**Work item**
Write the full listing out again, word for word, but omit the pictures.
=== Source data ===
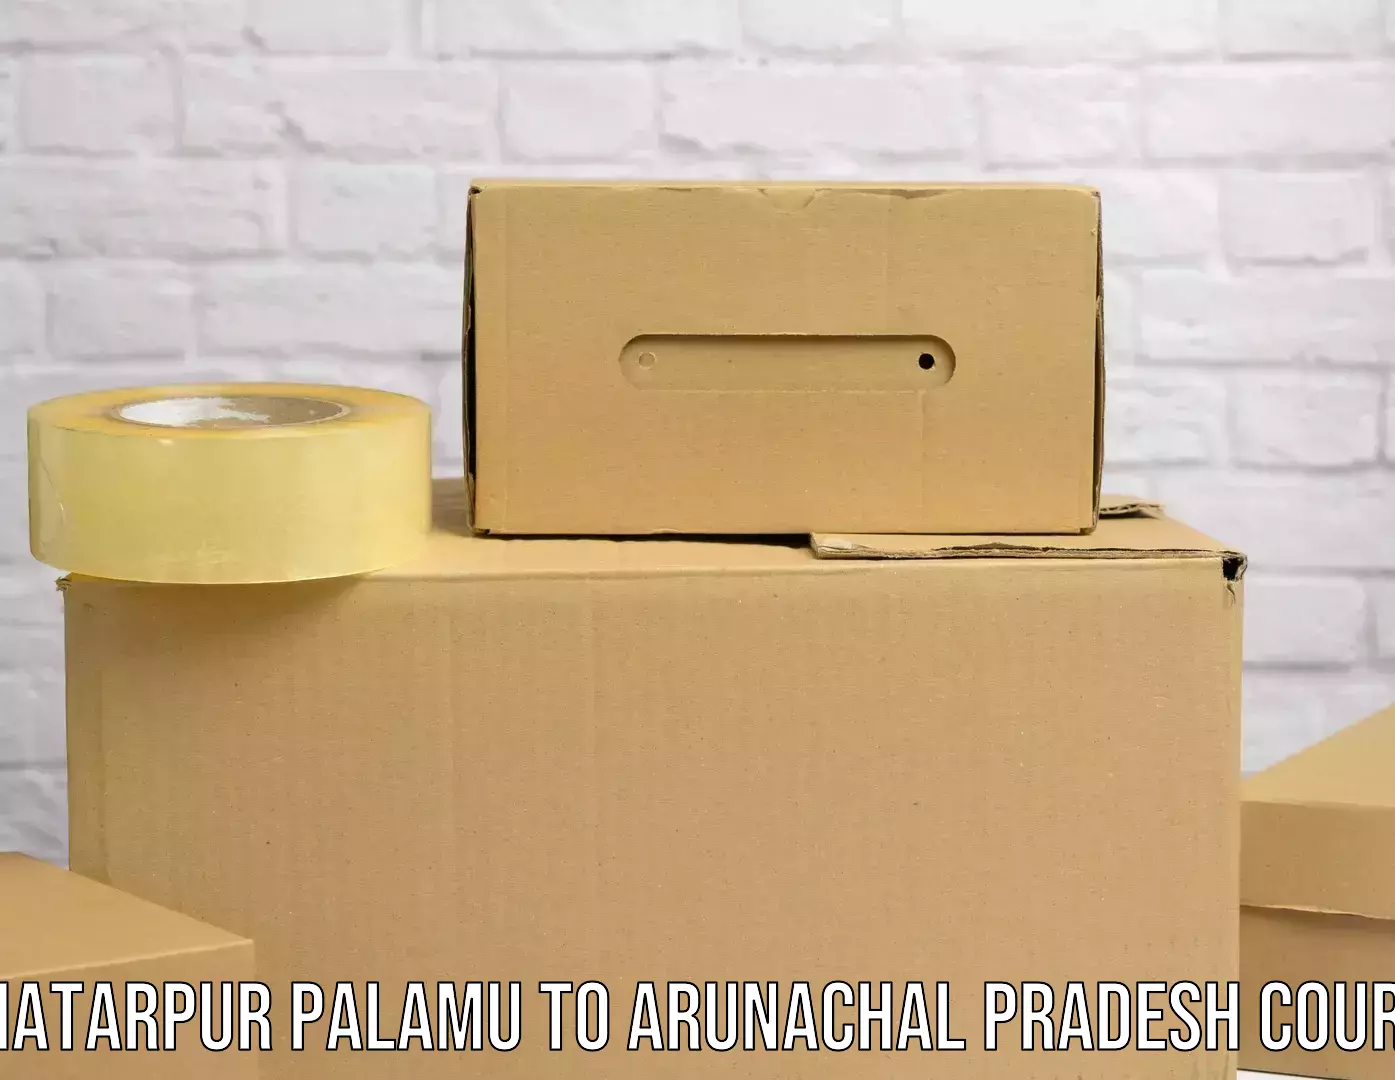 Fragile item shipping Chhatarpur Palamu to Arunachal Pradesh
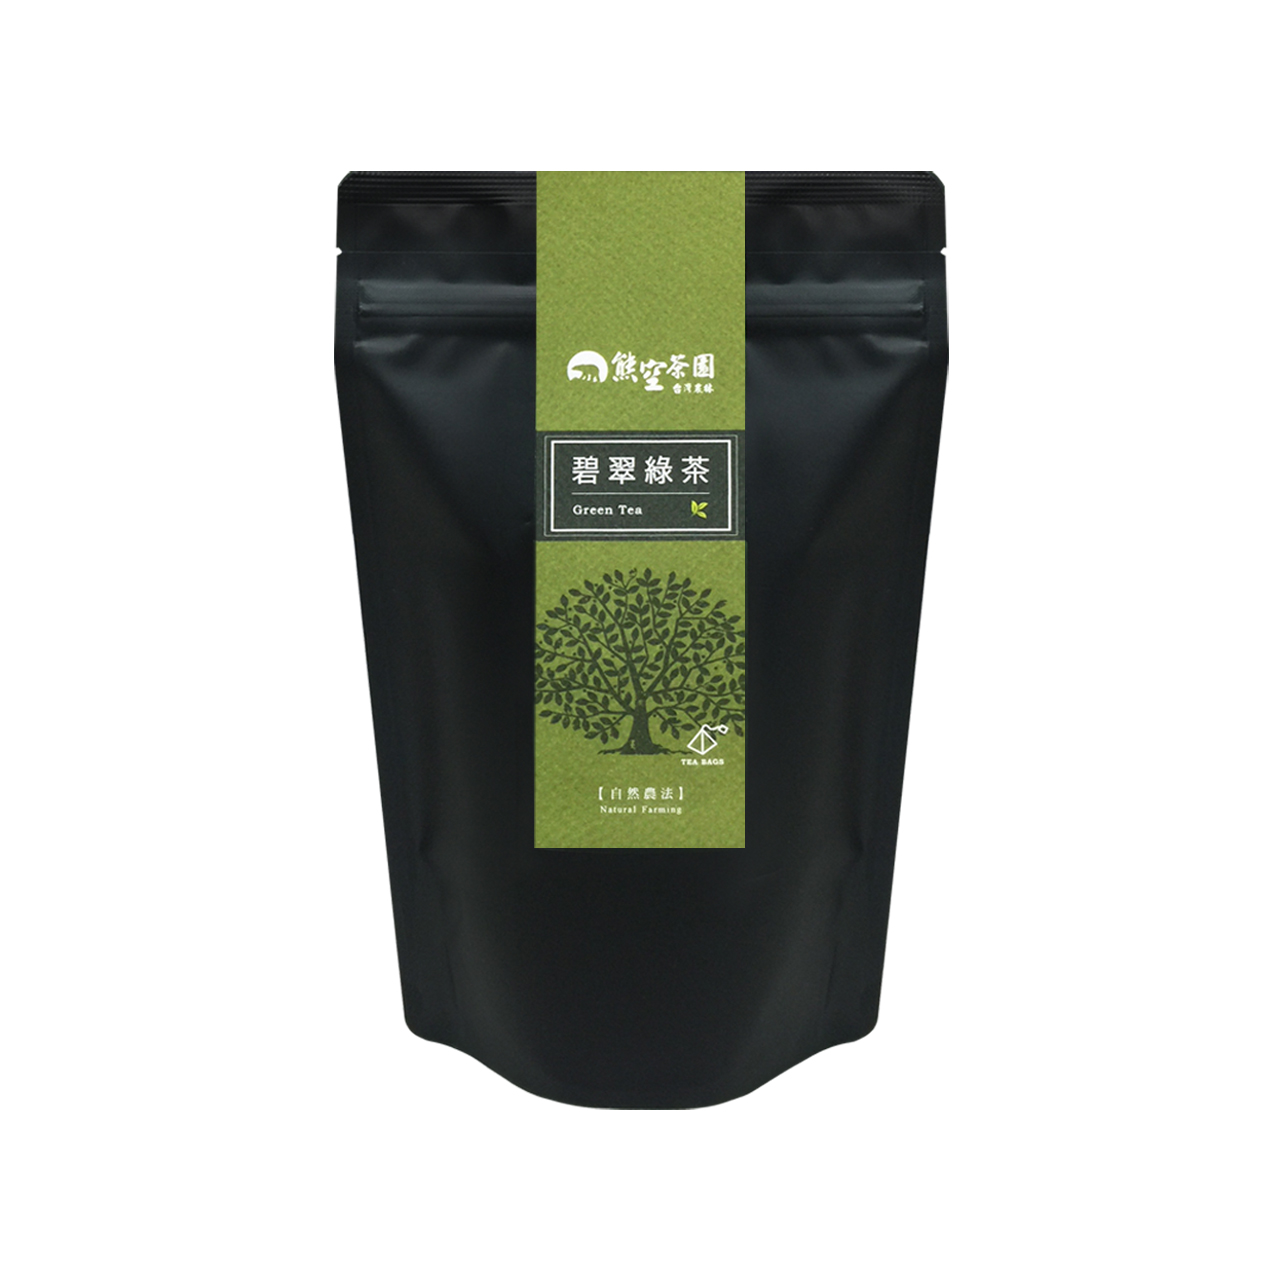 熊空-碧翠绿茶立体茶包(自然农法)
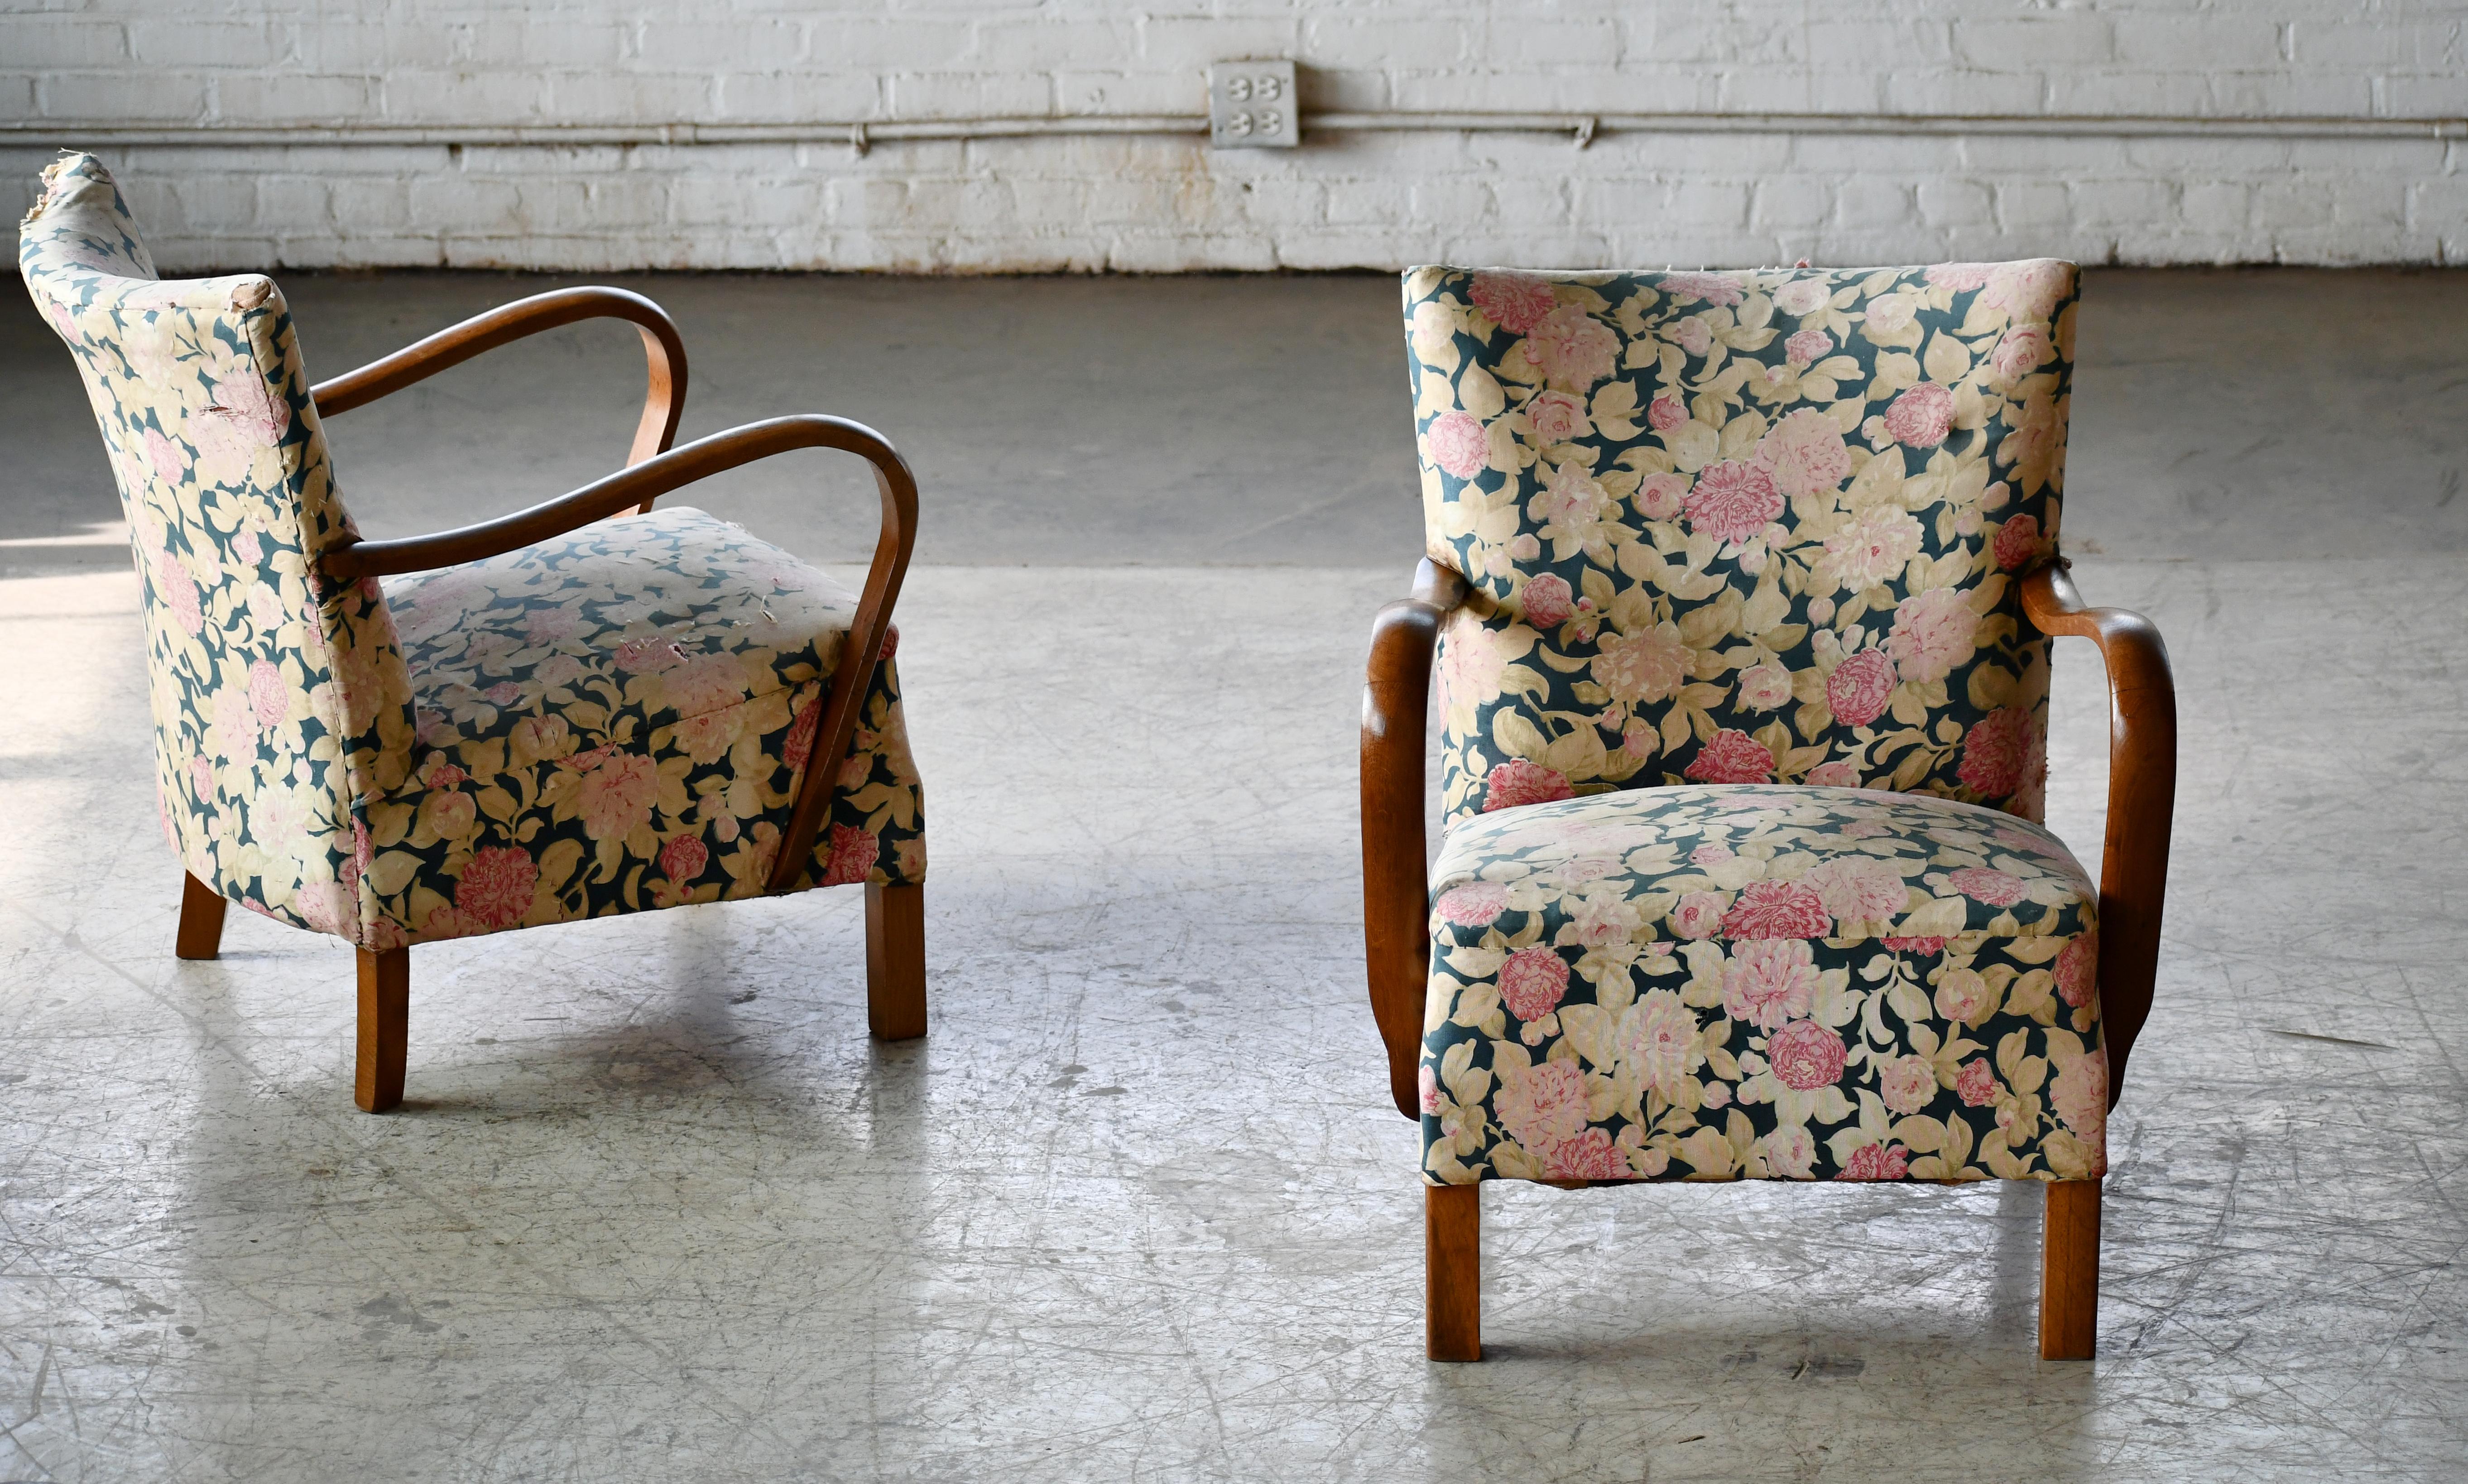 Superbes chaises danoises de la fin de l'Art déco du début des années 1930 avec coussins à ressorts, magnifiques accoudoirs ouverts et pieds sculptés dans un acajou cubain massif au grain et à la patine remarquables. Nous adorons le design simple,
===
**Written answer**
 Fragile item shipping Chhatarpur Palamu to Arunachal Pradesh
 熊空-碧翠绿茶立体茶包(自然农法)
 Superbes chaises danoises de la fin de l'Art déco du début des années 1930 avec coussins à ressorts, magnifiques accoudoirs ouverts et pieds sculptés dans un acajou cubain massif au grain et à la patine remarquables. Nous adorons le design simple,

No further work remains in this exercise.